When is a dangerous goods officer required?

As soon as your company ships, transports, packs, loads or fills dangerous goods and no exemption according to ADR Chapter 1.1.3 applies. The obligation is activity-related, not company size-dependent. Even one shipment per month can trigger the order requirement.

Which activities are considered relevant to dangerous goods?

Shipping, transporting, packing, filling, loading and receiving goods in ADR classes 1 to 9. Classics are lithium batteries class 9, flammable liquids class 3, aerosols class 2 and hazardous waste. Internal promotions can also be canceled.

How much does an external dangerous goods representative cost?

Standard flat rates are between 200 and 1,200 euros per month, depending on the scope of activity, mode of transport and number of locations. Complex mandates with class 1 or 7 are higher. Audit days and support during supervisory measures must be taken into account.

What fines are there for violations of the GbV?

Section 10 GbV and Section 37 GGBefG provide for fines of up to 50,000 euros per offense.

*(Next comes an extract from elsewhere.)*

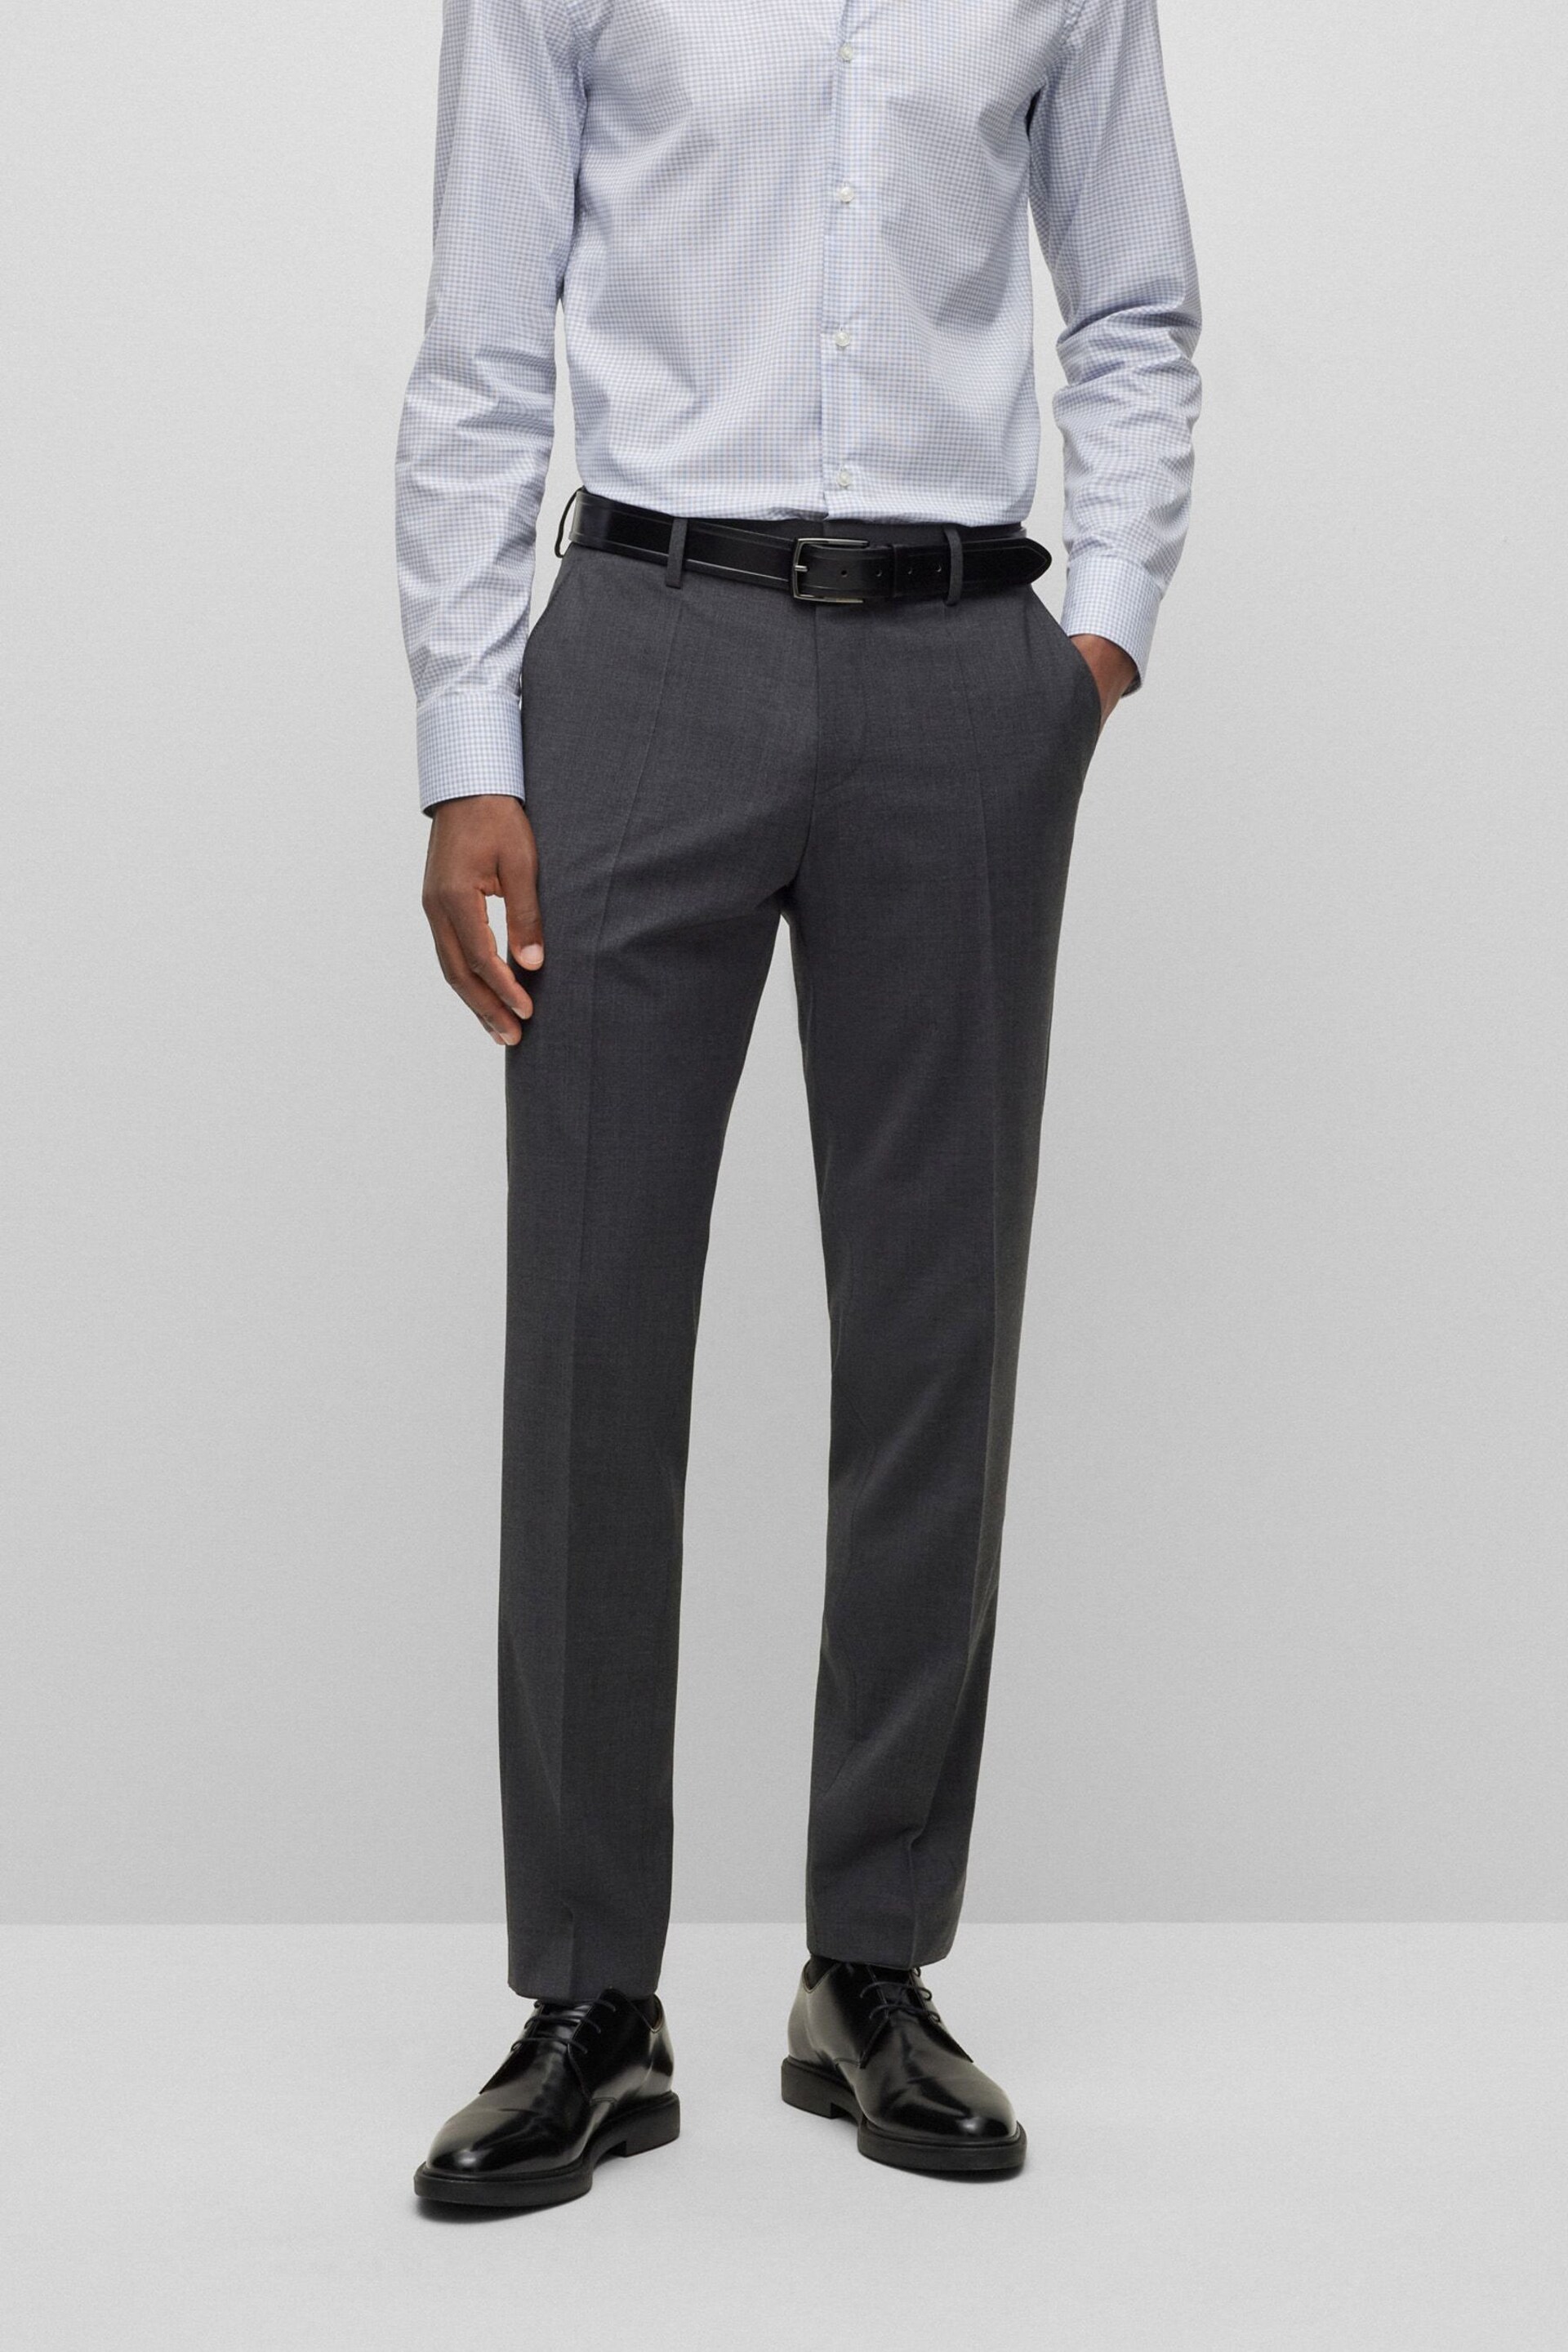 BOSS Grey Slim Fit Suit :Trousers - Image 1 of 6

In addition, there is Section 130 OWiG in the event of supervisory negligence on the part of management and, in individual cases, criminal prosecution in accordance with Section 328 of the Criminal Code in the event of unauthorized handling of dangerous goods.

How long must the annual report be kept?

At least five years. The report must be submitted to the supervisory authority upon request and should include substances transported, quantities, audits, incidents and training status. Digital storage with versioning and access logs is the market standard.

How long is the training certificate valid?

Five years. Before it expires, further training with a new IHK examination is required. Separate certificates are kept for several modes of transport. Those directly involved in accordance with Chapter 1.3 ADR must refresh every two years.